I agree that all-hardware designs will always give the fastest raw performance, however TM is not competing in the "muscle chip" segment. In the areas of initial competition they will be unbeatable, however. Anything that relies primarily on battery power will run a lot longer with a Crusoe chip than with an INTC or AMD chip inside. Beyond this, there is real opportunity on the desktop and in the living room for quiet PCs since TM chips don't need cooling fans. I would happily trade a few MHz for a dramatic decibel reduction. A PC with the accoustic properties of a stereo receiver or a DVD player would find a sizeable ready market.

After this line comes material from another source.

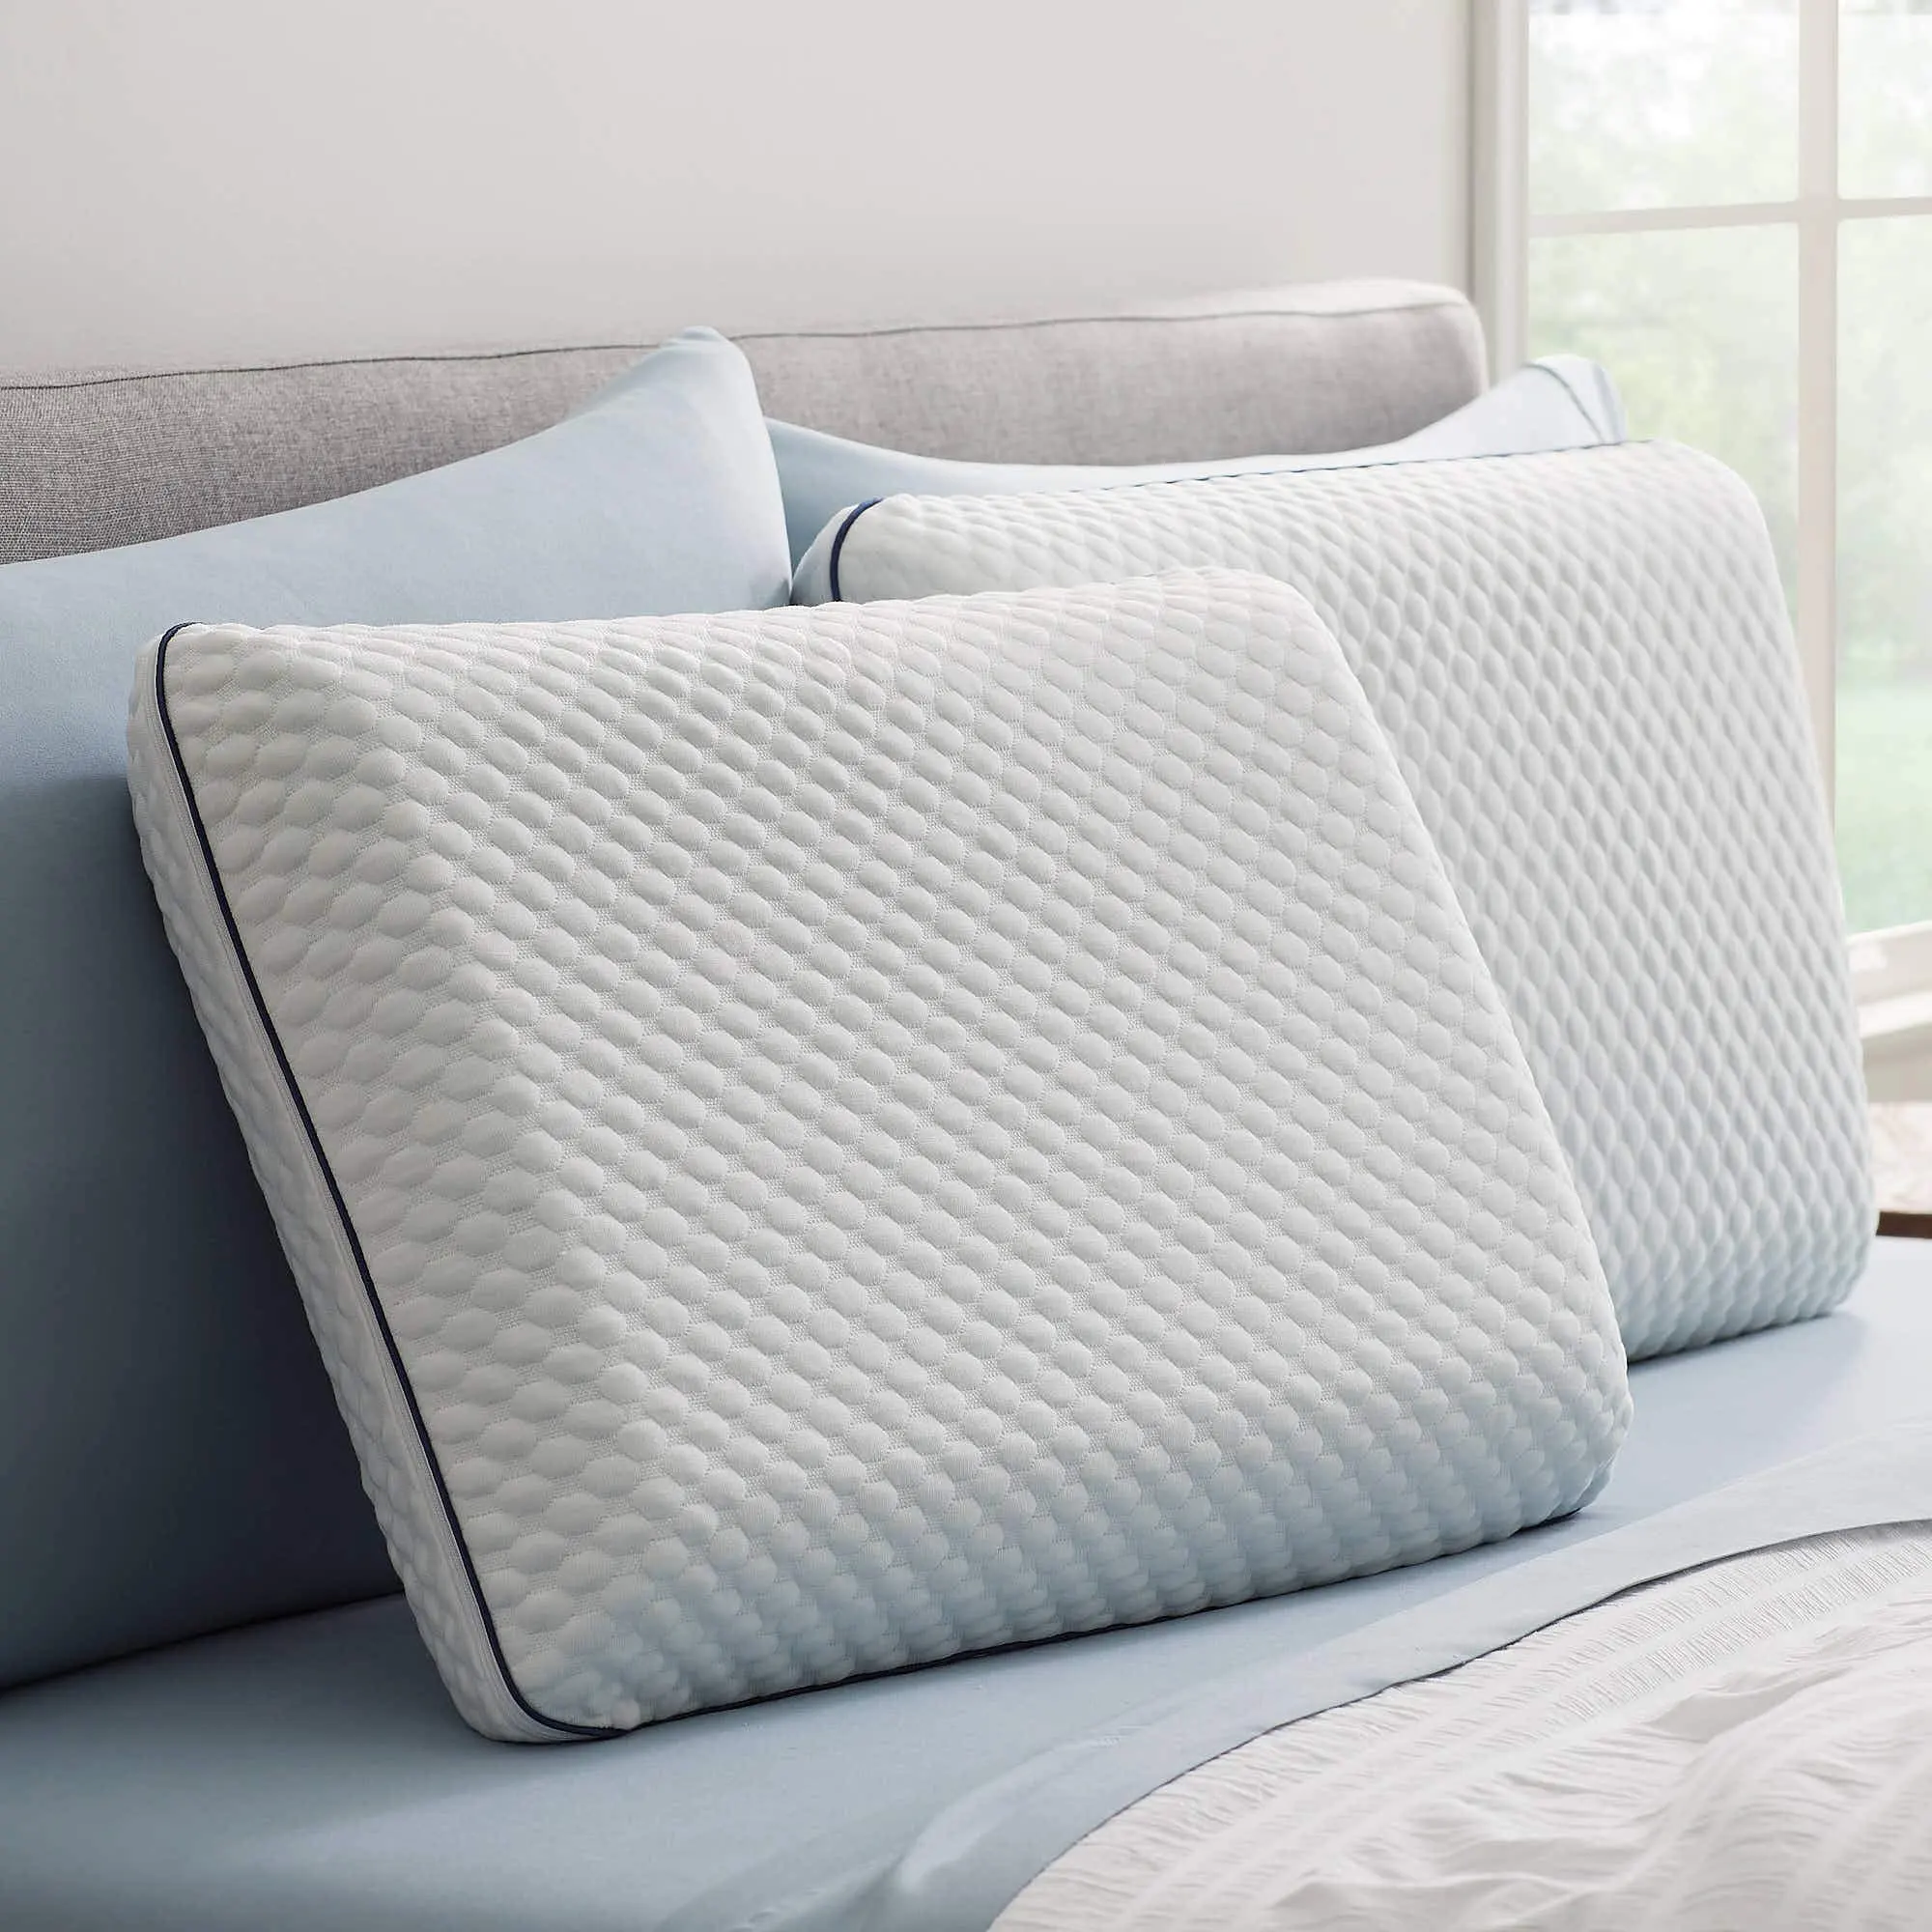 Prezzo di fabbrica i più venduti cuscini da letto OEM cuscino ergonomico ortopedico cervicale coccige Gel di raffreddamento memory foam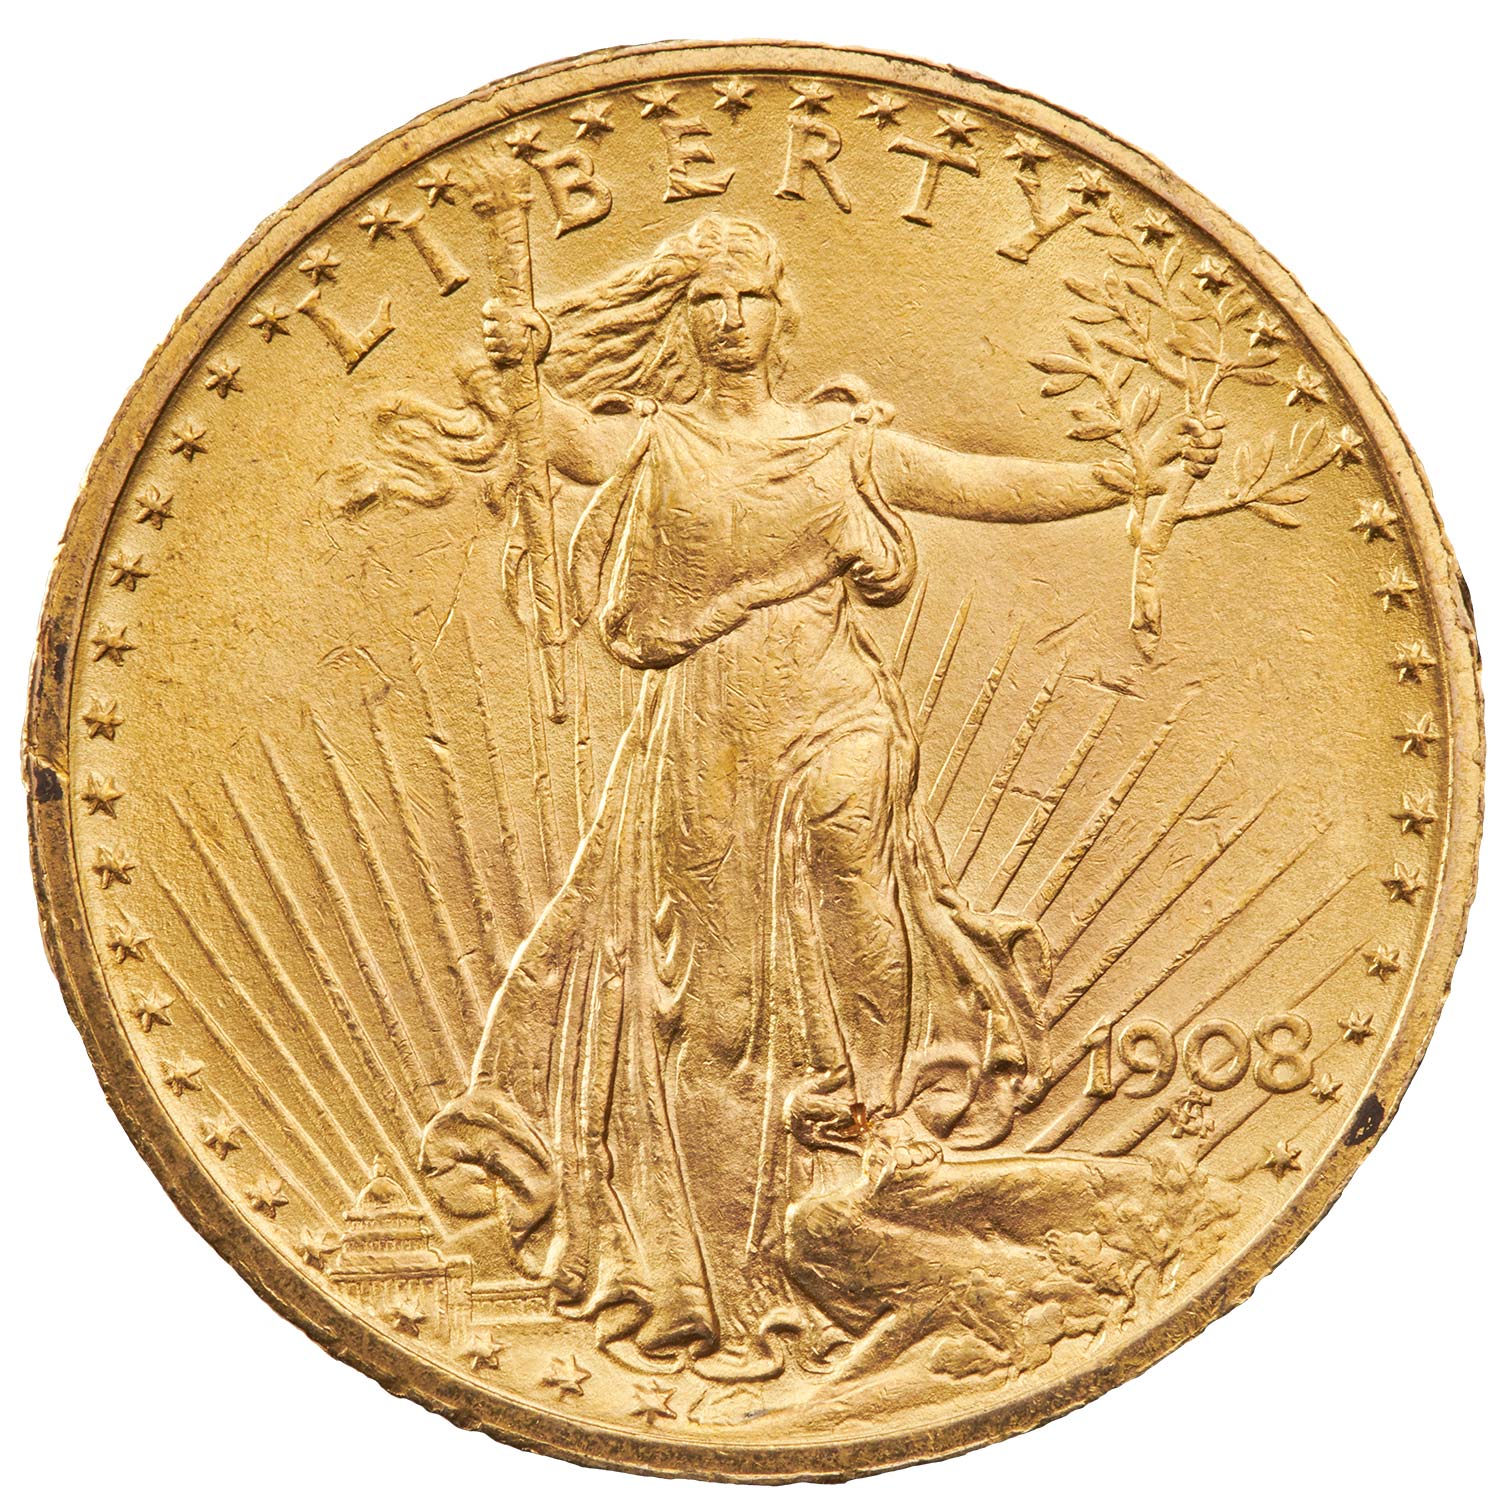 Với vàng Saint Gaudens 20 đô la Mỹ 1907-1933 EF, đây là sự lựa chọn tuyệt vời để thêm vào bộ sưu tập của bạn. Chiếc đồng tiền vàng này được coi là một trong những sản phẩm nghệ thuật tốt nhất của Mỹ và sẽ làm hài lòng các tín đồ sưu tập tiền vàng. Hãy xem ngay hình ảnh liên quan để chiêm ngưỡng vẻ đẹp của loại tiền đặc biệt này.

I'm quite familiar with software emulation, having worked briefly in this area while I was still with IBM, however what appears unique here is that TM's chips are specifically designed to support efficient emulation through the use of such features as hardware shadow registers. The whitepaper on the TM site gives an interesting overview of these capabilities but I suspect there is a lot more going on than has been fully disclosed at this point. Previous emulation efforts have been confined to software working on generic chips which were not designed specifically to support emulation so it will be very interesting to see the first independent system-level benchmarks of Crusoe-based systems. I suspect the performance gap in real-world use will be a lot less than one might at first suppose. Clearly TM's emphasis on developing appropriate benchmarking awareness points to this. Most chips today spend much of their cycles bottlenecked on memory, I/O, busses, etc., so it is not inconceivable that Crusoe chips, which tend to have much larger caches since they don't need chip area for a lot of other hardware functions, will be very competitive in the performance department.